1
Снимая видео на заказ, художник руководствуется индустриальной логикой, и говорит на соответствующем визуальном языке. Язык индустрии – это форма, продиктованная экономическими интересами и апеллирующая к публике путём соответствия её ожиданиям. Для производства индустриальной формы нужен не творческий, а креативный работник. Функцией индустрии является не сотворение новых, а репликация проверенных вещей; переупаковка предсказуемости. От видео к видео прослеживается общий формат: сегодня – коллаж из замедленной съемки под стоковую музыку с закадровым голосом, который сообщает, что всё это “about my freedom and community”.
Производить подобный контент можно быстро и дешево; клиенты обожают эту пару. Видео, нарождающиеся из её брачевания, позволяют компаниям окружать свои товары и услуги добавочными смыслами.
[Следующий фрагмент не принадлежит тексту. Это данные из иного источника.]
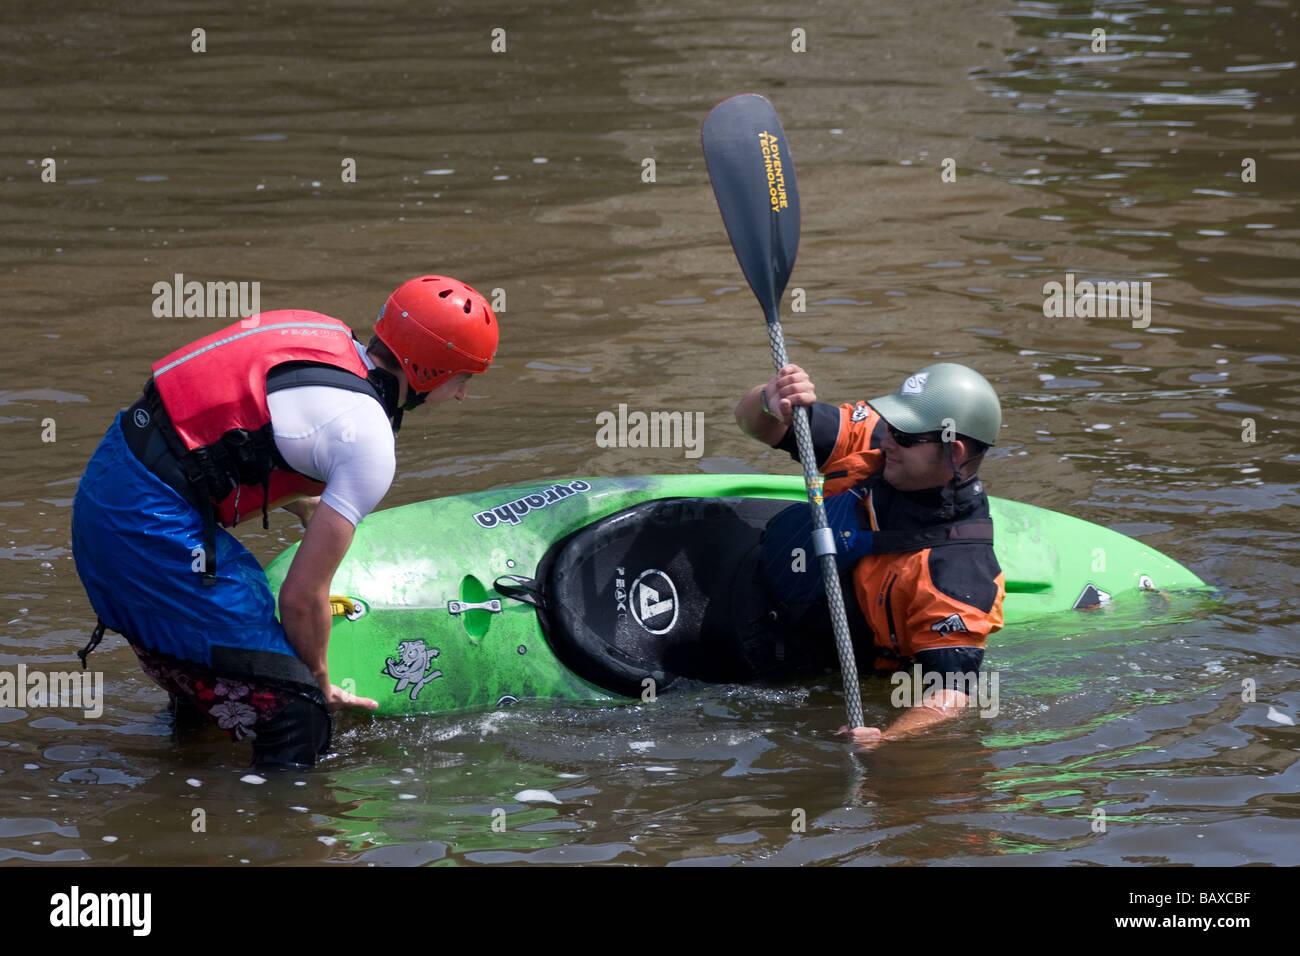 water sport kayak kayaking whitewater training river medway yalding kent england uk europe - Stock Image

Потребность в таких смыслах связана с базовыми культурно-экономическими механизмами неолиберального капитализма. В частности, с политикой идентичности, которая предполагает её демонстрацию через потребление: я не просто покупаю штаны; я покупаю штаны, сшитые веганами из экологически чистых материалов, а доля дохода идёт в фонд поддержки ослепших от сексуального насилия детей.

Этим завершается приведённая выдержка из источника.